With reference to the apparatus shown in fig. 1, the data source status listener may monitor connection requests of each data source status monitoring client in real time: every time a connection request sent by a data source state monitoring client is monitored, adding 1 to a counter, and sending a starting instruction to a start-stop device in a data source state manager; and when the disconnection of the data source state monitoring client is monitored, the counter is reduced by 1, and when the counter is equal to 0, namely all the data source state monitoring clients are disconnected, a 'pause' instruction is sent to the start-stop device.
And when the start-stop device receives a start instruction, the state of the start-stop state machine is judged. If the start-stop state machine is in the start state, nothing is done. If the 'start-stop state machine' is in a 'stop' state, which indicates that the start-stop device is started for the first time, the start-stop device creates a state refreshing task for each type of data source existing in the ETL system, namely creates a state refreshing task for a state memory with a hasDataSource value of true in a data source state warehouse, and puts the state refreshing task into the delay queue for waiting execution; meanwhile, the state of the start-stop state machine is set as start. The relevant codes of the specific execution process can refer to embodiment 1, which is not described herein again.
And step 20, periodically refreshing the connection state of the data source according to a preset interval by each state refreshing task in the delay queue, and completing state updating in a corresponding state memory of the data source state warehouse.

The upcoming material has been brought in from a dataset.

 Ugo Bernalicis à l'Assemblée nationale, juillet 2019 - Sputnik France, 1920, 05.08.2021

With reference to the apparatus shown in fig. 1, the specific implementation process is as follows: the delay queue manager takes out a state refreshing task with expired delay from the delay queue according to a preset INTERVAL CHECK _ INTERVAL, packages the state refreshing task into a state refreshing thread and puts the state refreshing thread into a thread pool; then the thread pool allocates resources for the state refresh thread to run so as to refresh the connection state of the data source in the corresponding state memory; and when each state refreshing thread runs, judging whether to resubmit the state refreshing task of the data source to the delay queue, if the data source still exists in the ETL system and the start-stop device is in the starting state, resubmit the corresponding state refreshing task to the delay queue after the execution is finished, otherwise, resubmit the state refreshing task. The state refreshing thread refreshes the connection state of the corresponding type data source by executing ping operation, namely, the connection test is carried out on the type data source, and if no error occurs, the data source is normally connected.

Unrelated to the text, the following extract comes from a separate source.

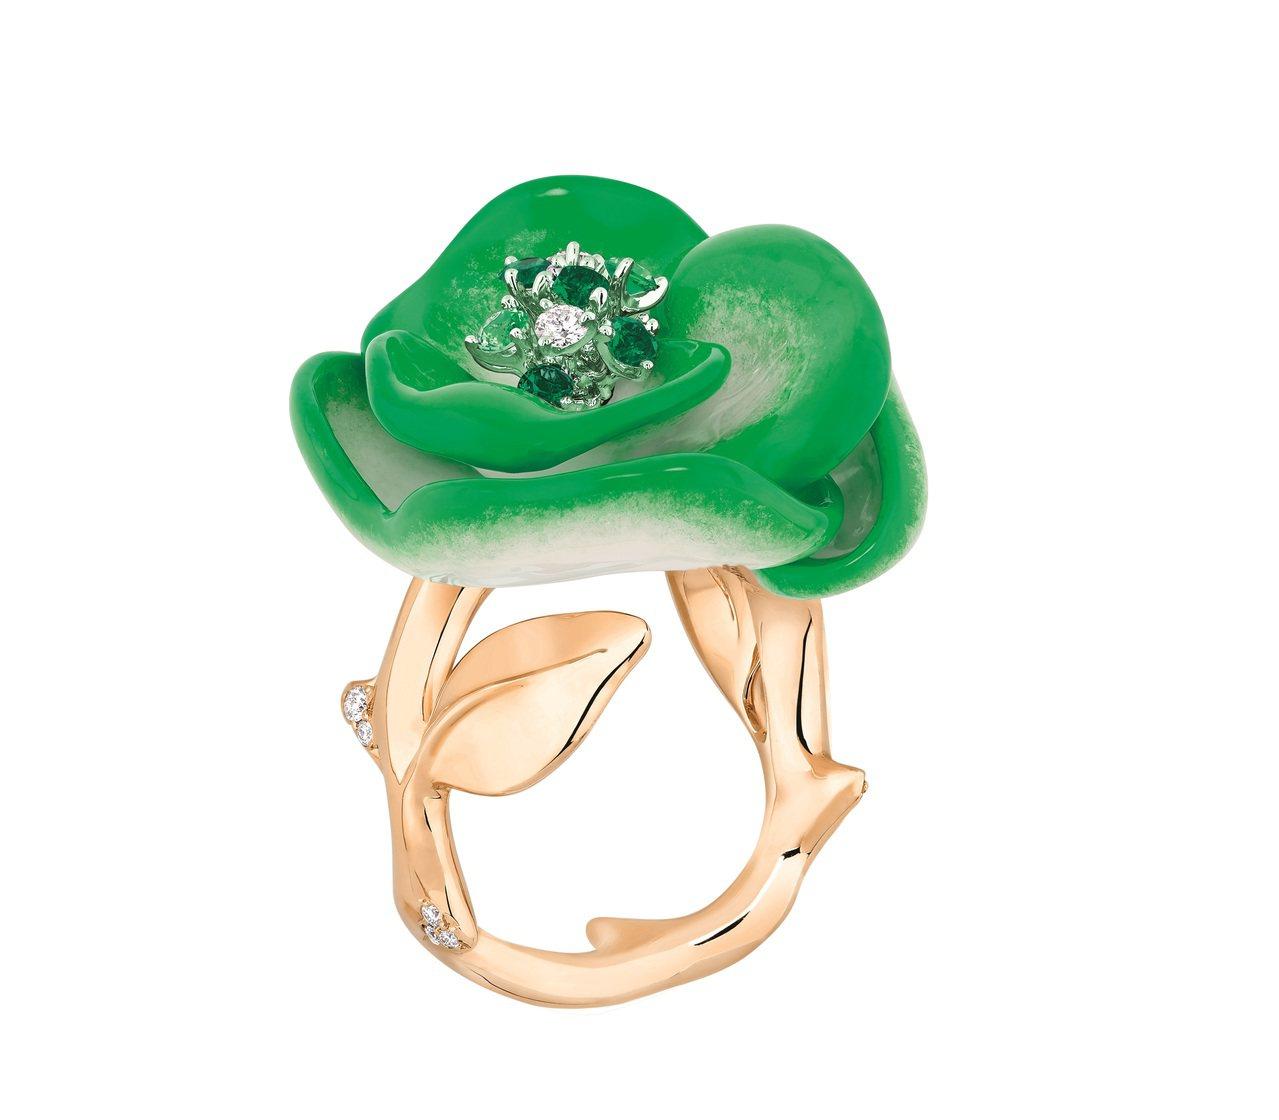 Rose Dior Pop系列祖母綠沙弗萊石玫瑰戒指,約90萬元。圖/Dior提...

The preset INTERVAL CHECK _ INTERVAL can be set according to actual requirements when the data source state manager is initialized, and values are generally taken within the range of 1 second to 8 hours; for example, the time can be set to 15 seconds, and each status refreshing thread performs status refreshing every 15 seconds, that is, each status refreshing thread can sleep for 15 seconds after execution is completed and then restart the thread without uninterrupted execution. In addition, when the refresh INTERVAL needs to be changed in the whole monitoring process, the refresh can be directly updated on the basis of the original CHECK _ INTERVAL through the parameter updater, and each subsequent state refresh thread can execute state refresh according to the new refresh INTERVAL.
The relevant codes of the specific execution process can refer to embodiment 1, which is not described herein again.
And step 30, when the data source state monitor monitors the refresh request of the data source state monitoring client, forwarding the refresh request to the data source state manager, and forwarding the connection state of various data sources returned by the data source state warehouse to the data source state monitoring client sending the refresh request.
With reference to the apparatus shown in fig. 1, when the data source status listener hears a refresh request from any data source status monitoring client, the data source status listener forwards the refresh request to the data source status manager through the relay; and then the reader reads the connection state of various data sources from the data source state warehouse and returns the connection state to the repeater, and the repeater forwards the connection state of the data sources returned by the data source state warehouse to the data source state monitoring client sending the refreshing request, so that the actual use requirement of the data source state monitoring client can be met in time. The relevant codes of the specific execution process can refer to embodiment 1, which is not described herein again.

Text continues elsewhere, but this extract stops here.